Per ritornare alla tua domanda, con l’Associazione Lunaria , con cui collaboro da tempo, proponiamo la versione invernale del Festival di San Matteo, che quest’estate ha avuto un grande successo. Ricordo solo l’incredibile affluenza di pubblico il 20 di agosto per assistere al Prometeo incantenato in greco.
La versione invernale del festival avrebbe come tema gli “estremismi”. Vorremmo affiancare agli spettacoli momenti di discussione, conferenze, letture. E dedicare una giornata di convegno a Claudio Lizza, uno sceneggiatore di talento mancato all’inizio dell’estate, un genovese che la città ha dimenticato.
Personalmente sto poi lavorando con Sandra Verda ad un monologo su Pasolini. Ci stiamo basando soprattutto sui suoi diari, usando come metafora il calcio. L’attore per cui l’abbiamo pensato è Sandro Palmieri.

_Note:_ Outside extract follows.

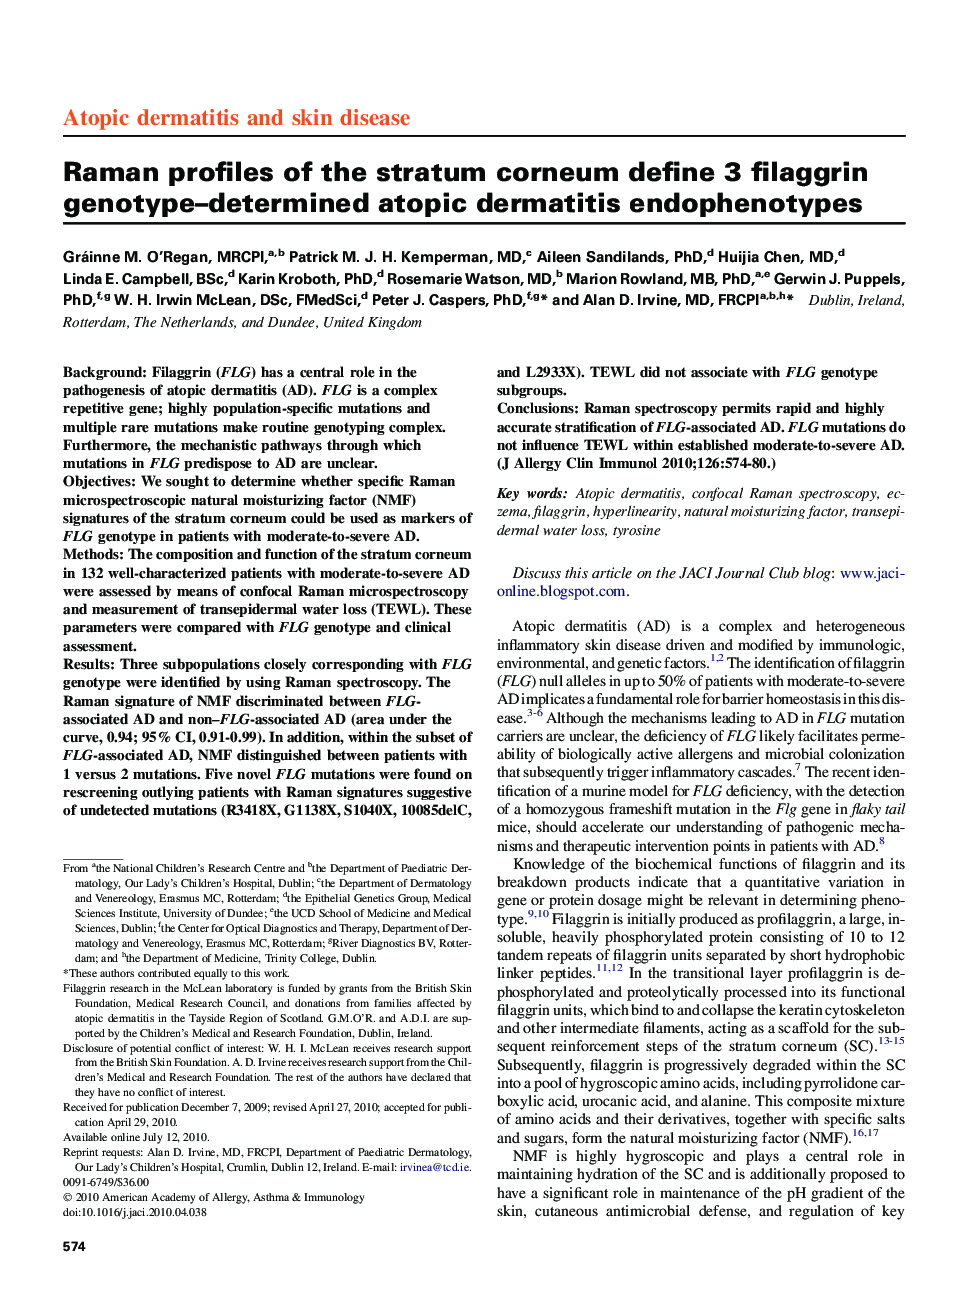 Raman profiles of the stratum corneum define 3 filaggrin genotype-determined atopic dermatitis endophenotypes

Si tratta di una scrittura a quattro mani?
No. Mi piace molto lavorare in simbiosi con un’autore, ma sempre rispettando i ruoli. Lavorare con Sandra è un piacere perché è un’artista molto generosa. Sforna materiali ad una velocità incredibile. Una parte è già pronta.

Chi è il tuo pubblico
Non è certo l’insegnante di latino, ma piuttosto il ragazzo di Prà, che come me ha origini popolari. Un pubblico da teatro di strada. Se il pubblico non capisce il tuo lavoro è soprattutto tua la colpa.